Eye For Film >> Movies >> The Bat (1926) Film Review
The Bat
Reviewed by: Jennie Kermode
A moody cityscape in black and white. A heavily fortified bank. A masked and caped figure uses a grappling hook to scale the walls. There’s a crime in progress and a mystery about to unfold – yet it will be another 13 years before the world first encounters the legend that is Batman.
Long thought to be a lost film, Roland West’s 1926 comedy thriller The Bat was salvaged by the UCLA Film and Television Archive in the late 1980s, but it has only recently returned to prominence, thanks to the dedicated efforts of restorationist and musician Ben Model. Model’s score accompanies the otherwise silent scenes in keeping with the traditions of its era, adding an emotional element which nicely balances the pithy dialogue in the intertitles.
Anyone who thinks of silent films as dull and worth watching only for historical value, or to make girls think they’re intellectual, is in for a surprise. Never mind its wider significance – The Bat hangs from its own two feet, and delivers lively entertainment throughout. Following the bank raid, the action moves to an old mansion on the edge of town where various people believe that the loot has been stashed. There are rumours of a secret room, but that’s only one of the secrets concealed by the various people living there or visiting.

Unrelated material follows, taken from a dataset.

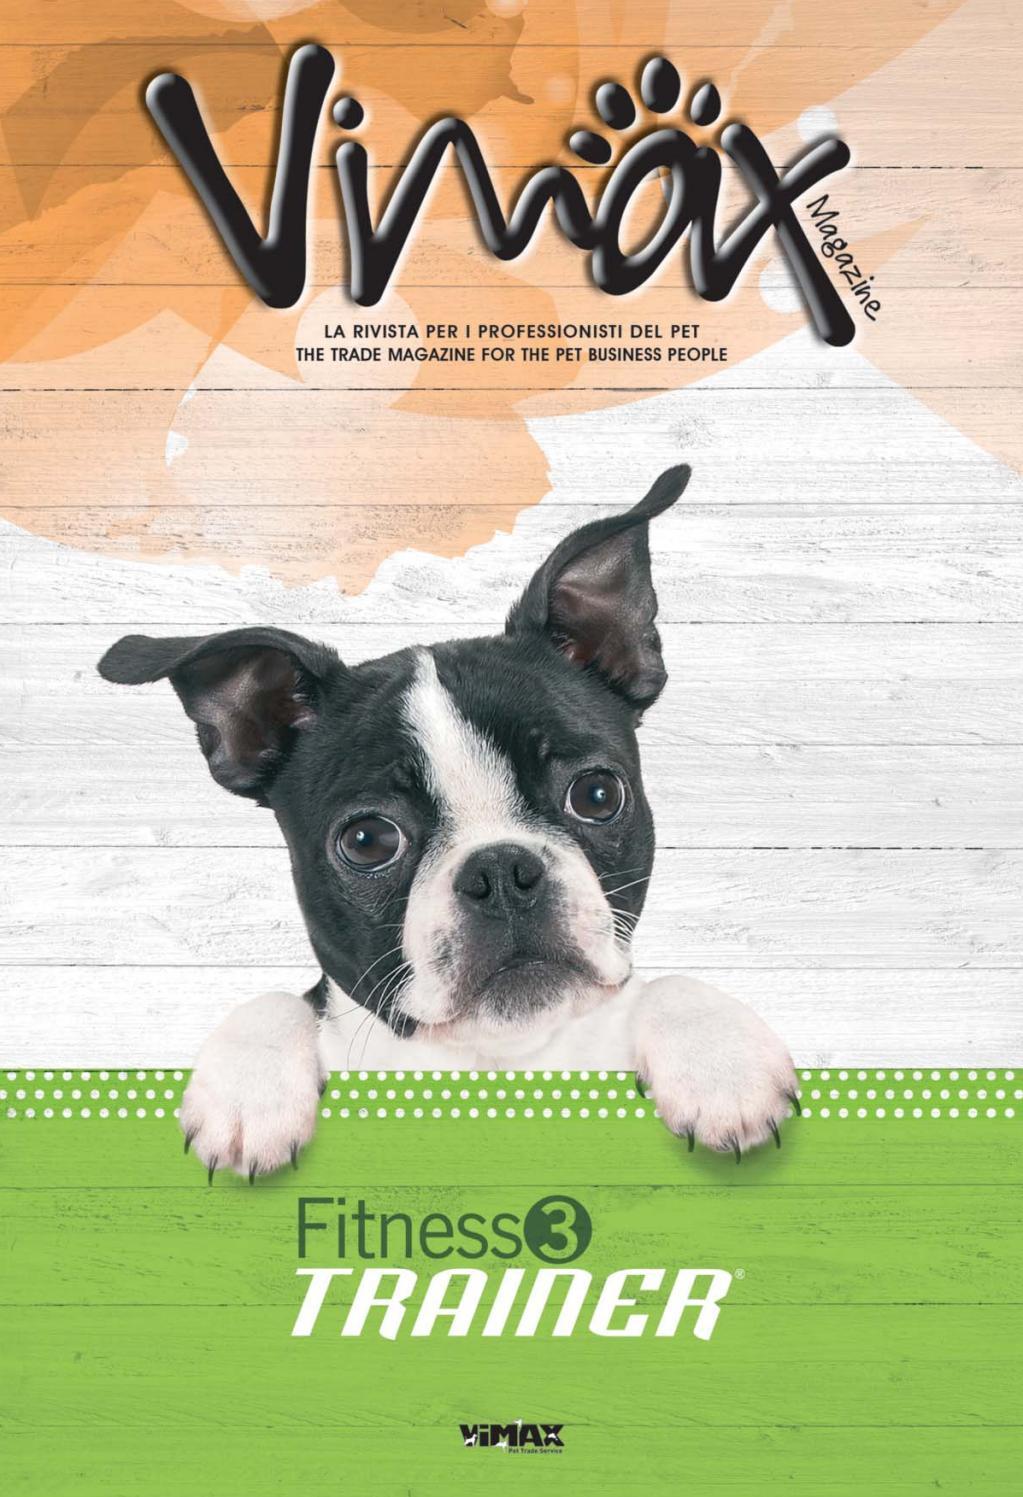 Modena Dog Calendario 2020.Settembre September 2016 By Vimax Srl Issuu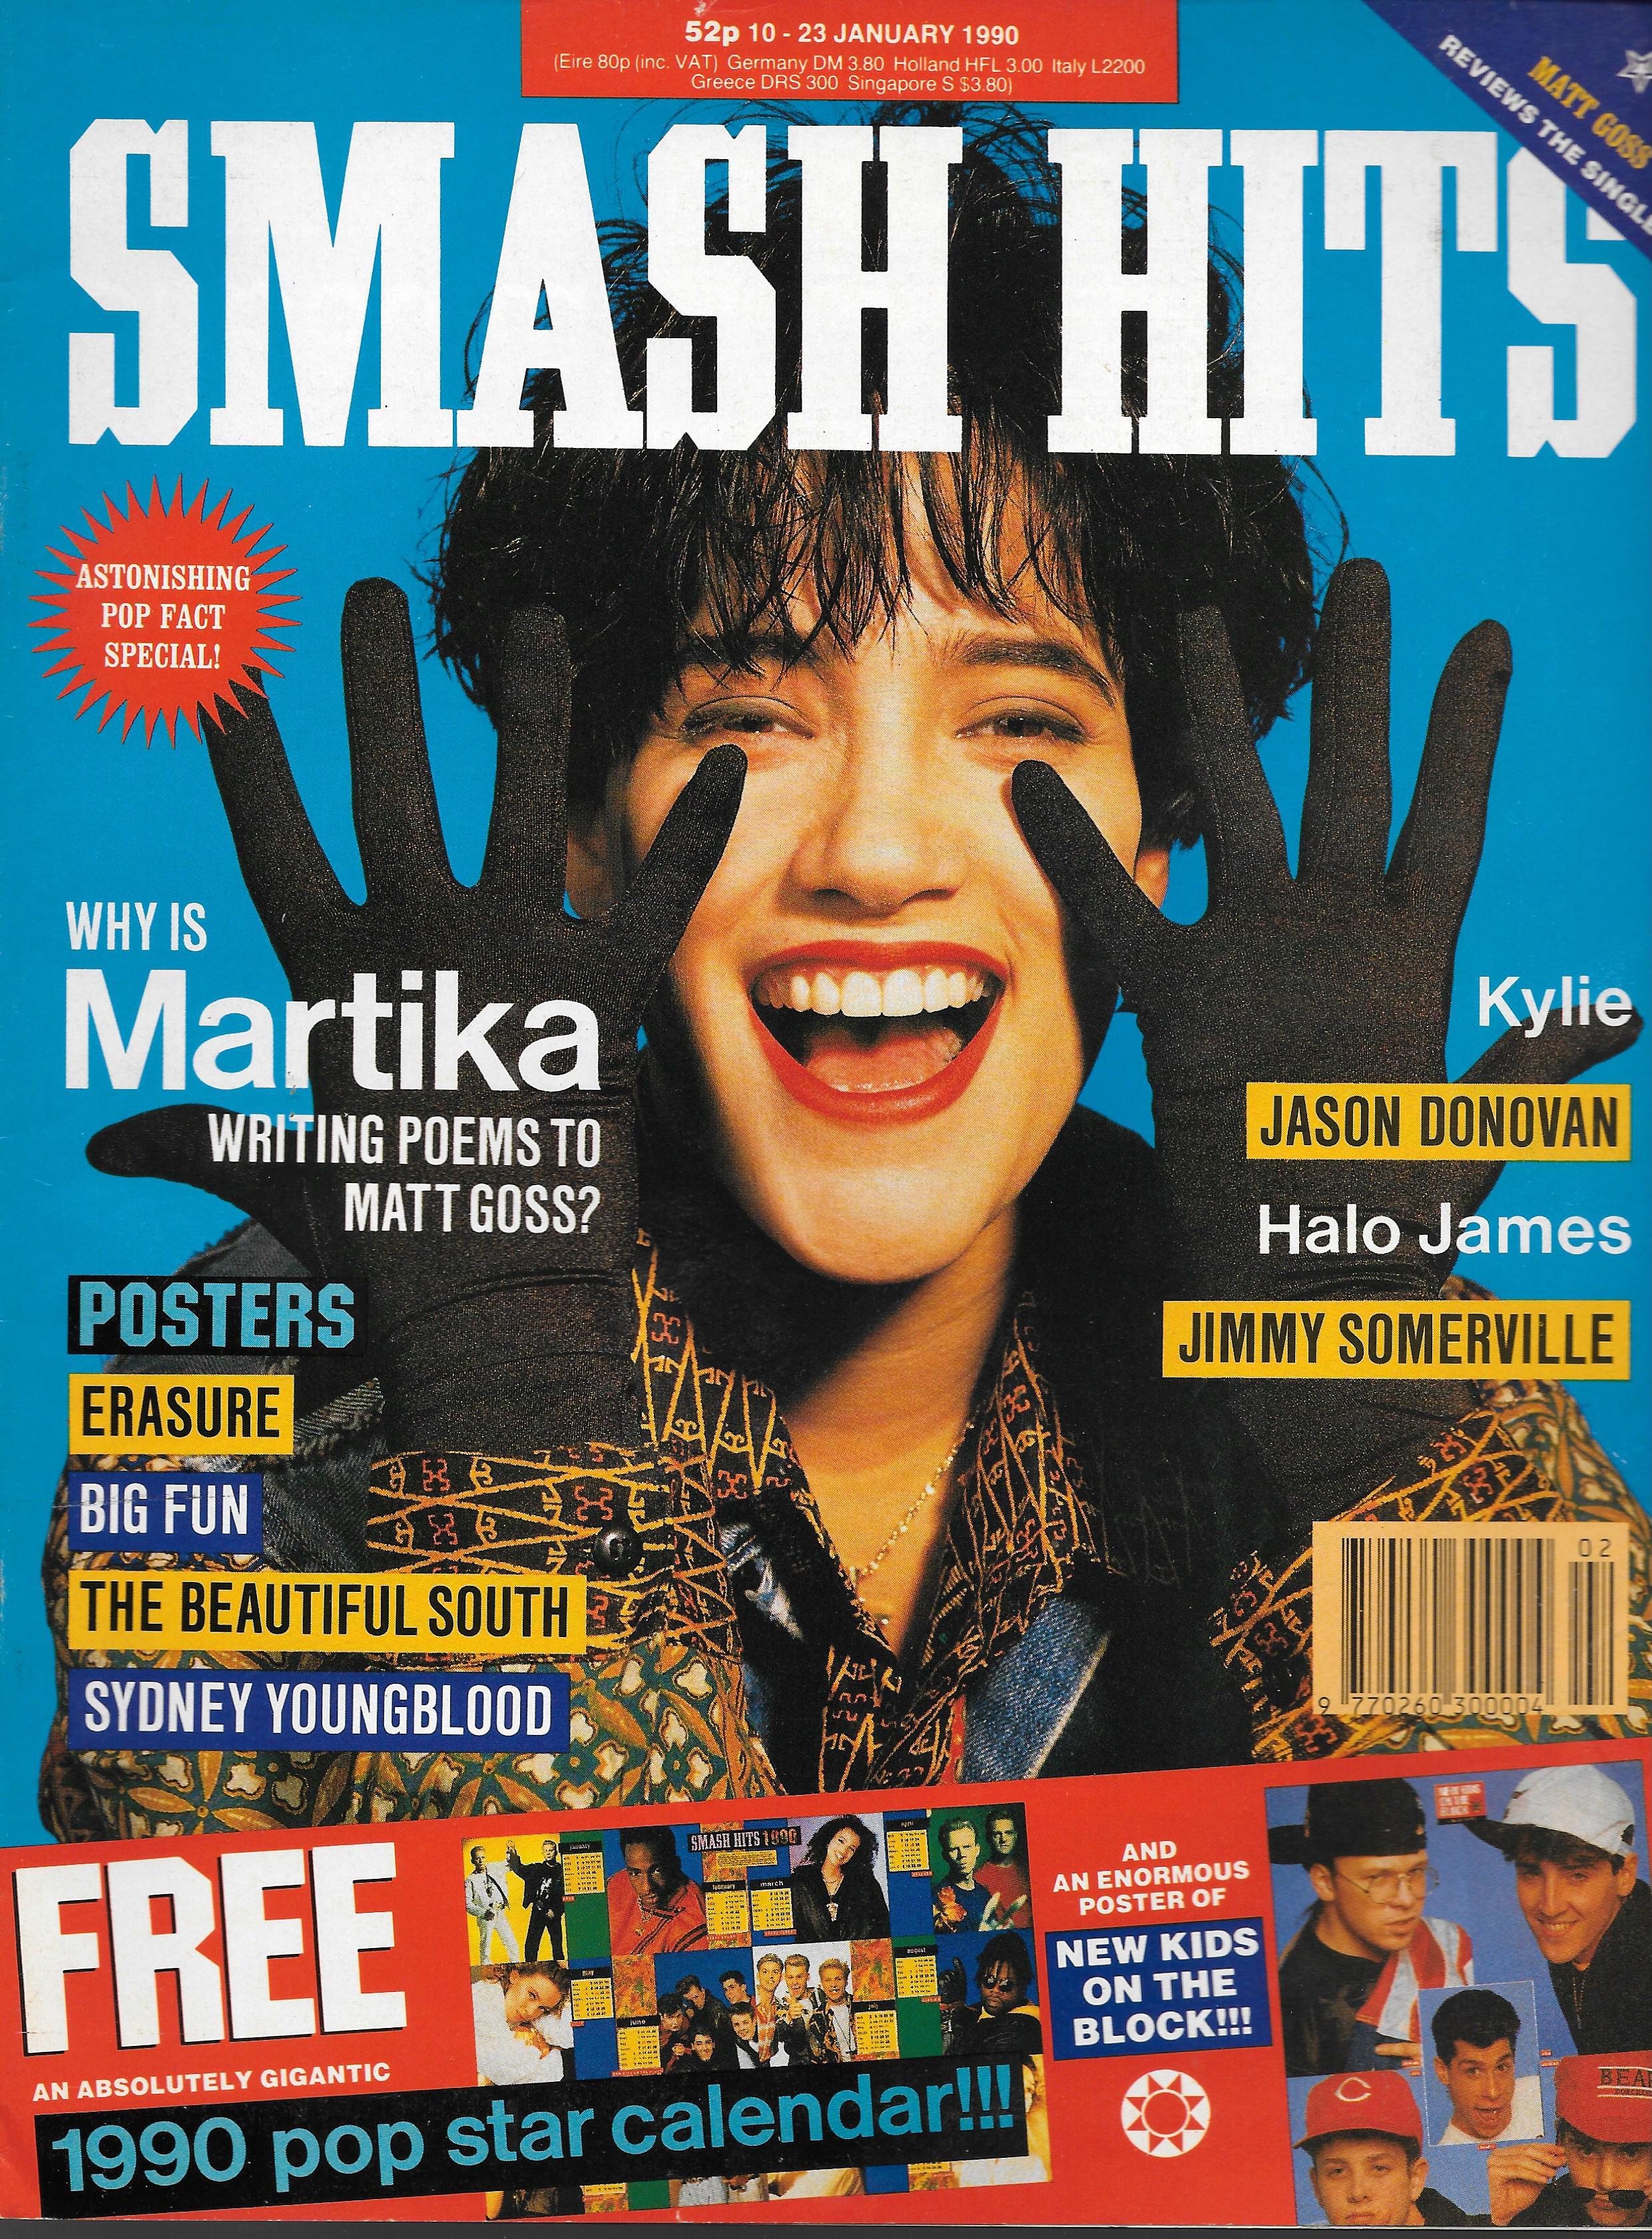 www.tilleysmagazines.com-Magazines-Comics-SMASH-HITS-14.jpg

Young Miss Dale (Jewel Carmen) is hiding her lover, a bank clerk who is a prime suspect in the case, trying to pass him off as a gardener to her shrewd mystery author aunt, Miss Cornelia (Emily Fitzroy). The maid is so frightened of the Bat that she’s hiding a bear trap in the hope of catching him. Then there’s a doctor who secretly opens a window, a PI and a police detective trying to one-up one another, and a butler who seems to be trying to hide the fact that he’s actually Japanese under layers of bizarre make-up presumably designed to make him look like what white Americans expected a Japanese man to look like at the time. One of these people may be the Bat – but who?
In its restored form, the film looks great – fresh and clear, which is important given its fondness for shadows. There’s no blurring, and even the texture of silk stockings can be discerned. This makes it easier to appreciate a great suite of performances, with Fitzroy the standout in a gem of a role. Meanwhile, audiences can take in those early inventions which point the way to the creation of the caped crusader, which range from batarangs to the sudden appearance, towards the end, of what is unmistakably the bat signal.
The Bat is a lot of fun and its mystery will keep you guessing right up to the end. Catch it if you can.